Law’s Hamlet isn’t working through any Oedipal conflicts and there are no repressed incestuous urges inspiring his verbal and physical assaults on his mother in the scene following his accidental murder of Polonius. Hamlet is driven by a general homicidal rage unleashed by the unfortunate old man’s death. When Hamlet crouches over his terrified mother it’s in the posture of a berserk warrior about to deliver the coup de grace to a fallen enemy whose identity doesn’t matter to him and who is interesting to him only as a target for his bloody-minded fury. All he says about his mother and his uncle is just ranting. He’s barely listening to himself. It’s only the arrival of his father’s ghost that snaps him out of it. Otherwise Gertrude would just have been the second victim of a mass murder that would have ended the play two acts early.
This is one angry Hamlet.
A murderous rage has been driving him since the ghost’s first appearance and it’s been growing but until he stabs Polonius it has expressed itself in…jokes.
Which is where Freud makes his entrance.
Hamlet is a witty young man, but Jude Law is the first actor I’ve seen who’s recognized that Hamlet’s preferred forms of humor are forms of hostility---sarcasm, insults and put-downs, and verbal practical jokes in which he takes what other characters say and turns their own words back on them to make them look foolish in the literary equivalent of pulling their chairs out from under them as they go to sit down.
This is is not the melancholy Dane of legend sighing through speeches in which he wishes for death and contemplates suicide. As Law plays him, his defining speeches aren’t the more famous “Too too solid flesh” and “To be or not to be” blank verse soliloquies but the short prose speech to Rosencrantz and Guildenstern:
What a piece of work is a man, how noble in reason, how infinite in faculties, in form and moving how express and admirable, in action how like an angel, in apprehension how like a god! the beauty of the world, the paragon of animals—and yet, to me, what is this quintessence of dust?
“Quintessence of dust” is a punchline. The speech is a NOT joke, as in People are amazing---NOT. Life is worth living---NOT. Your existence matters to me---NOT. Hamlet sets up his friends (and the audience) to expect a prettily worded and high-minded point and then slaps them in the face with his blunt cynicism.
Two themes from Freud cross at this point in Law’s performance. Freud famously elaborated on the connection between humor and anger and aggression. But he also defined depression as anger turned inward.
Law’s Hamlet isn’t melancholy but he is suffering from depression as Freud described it.
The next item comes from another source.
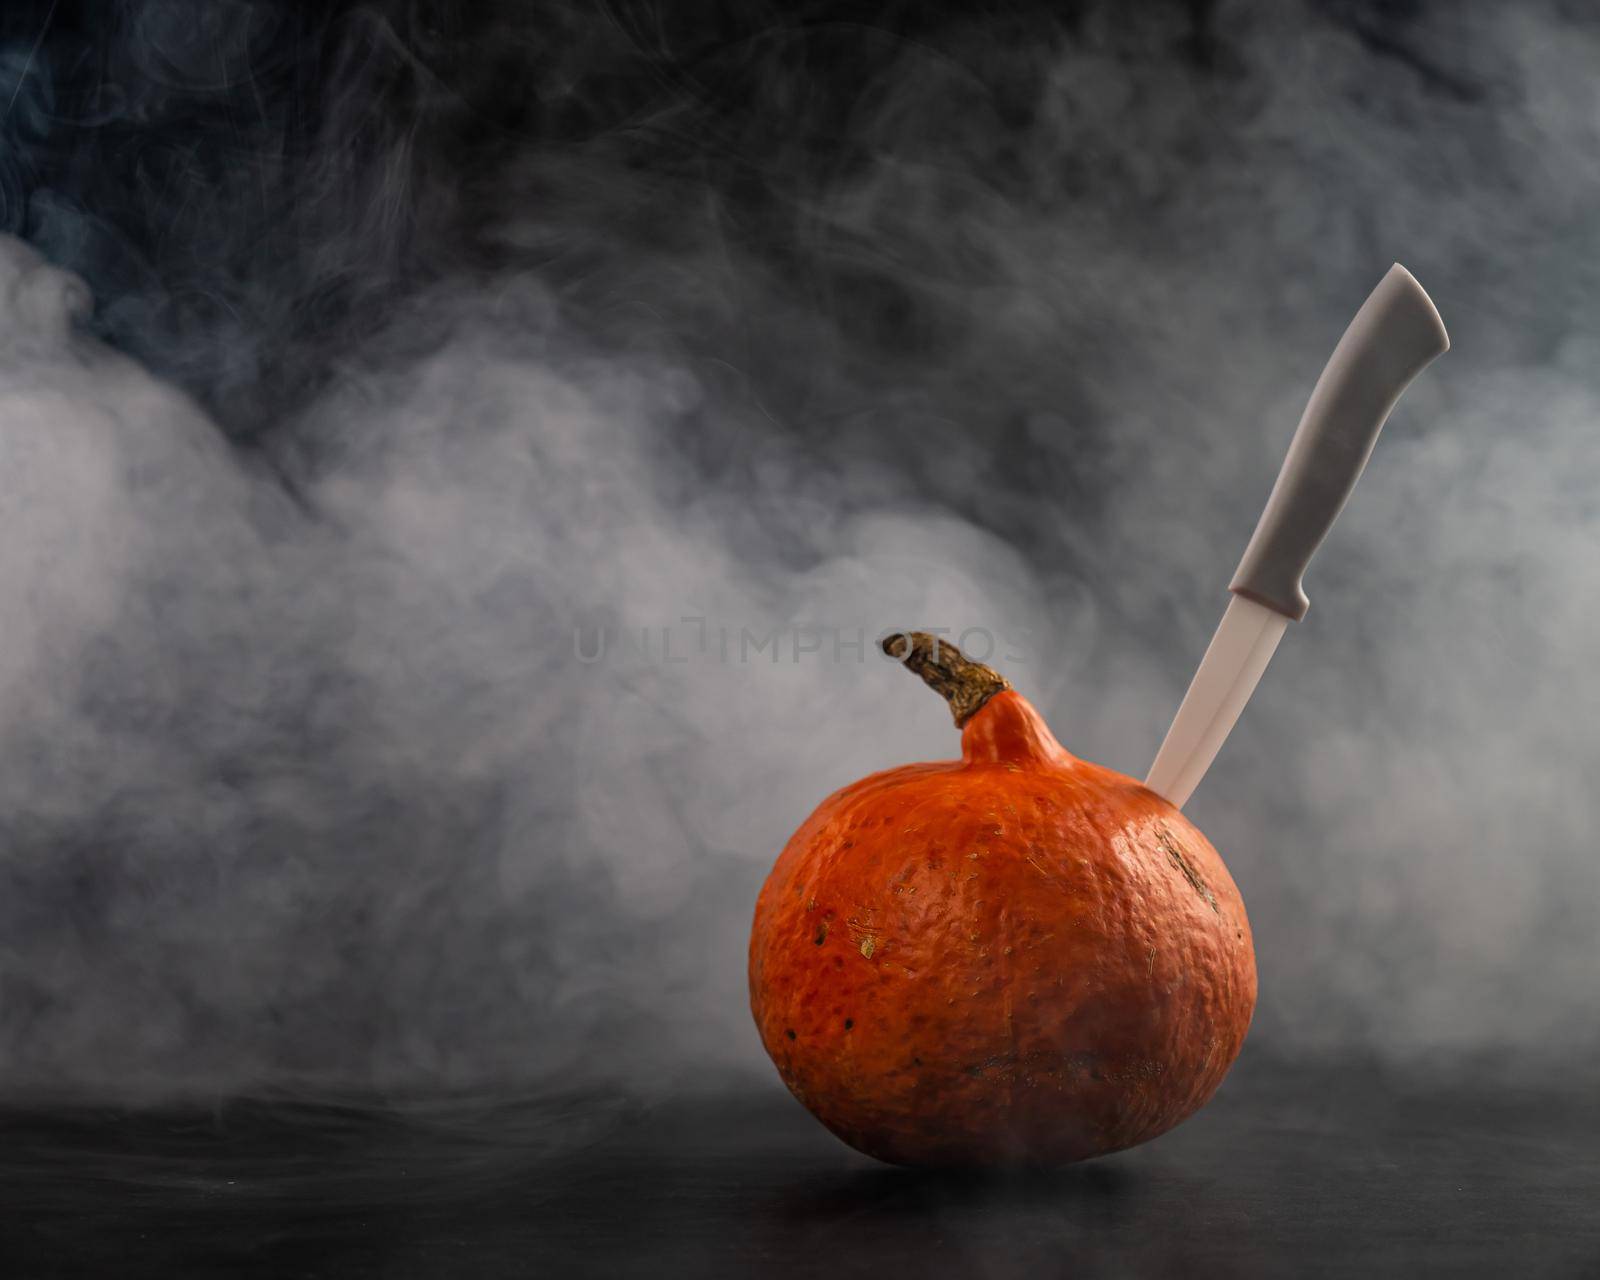 A knife in a pumpkin in the smoke. Happy Halloween. by mrwed54

Hamlet arrives on stage in the second stage of grief. He’s angry at having lost his father, but he’s angrier at the fact that nobody else seems as angry about it as he is. The world is going on as if his father had never existed. The two people besides Hamlet himself who should be most devastated, his father’s wife and his father’s brother, have not just gotten over their loss in a hurry, but by getting married have pretty much written the old king out of their lives. Their former relationship went through him and was defined by their connection to him. Hamlet believes that that old relationship should continue exactly as it was even without the king there, which is the same as believing that time should have stopped with his father still alive. He wants the world to revolve around his father in death just as it did, or Hamlet thinks it did, in life. Gertrude and Claudius have decided that life belongs to the living and Hamlet is furious. His first speech is practically a temper tantrum.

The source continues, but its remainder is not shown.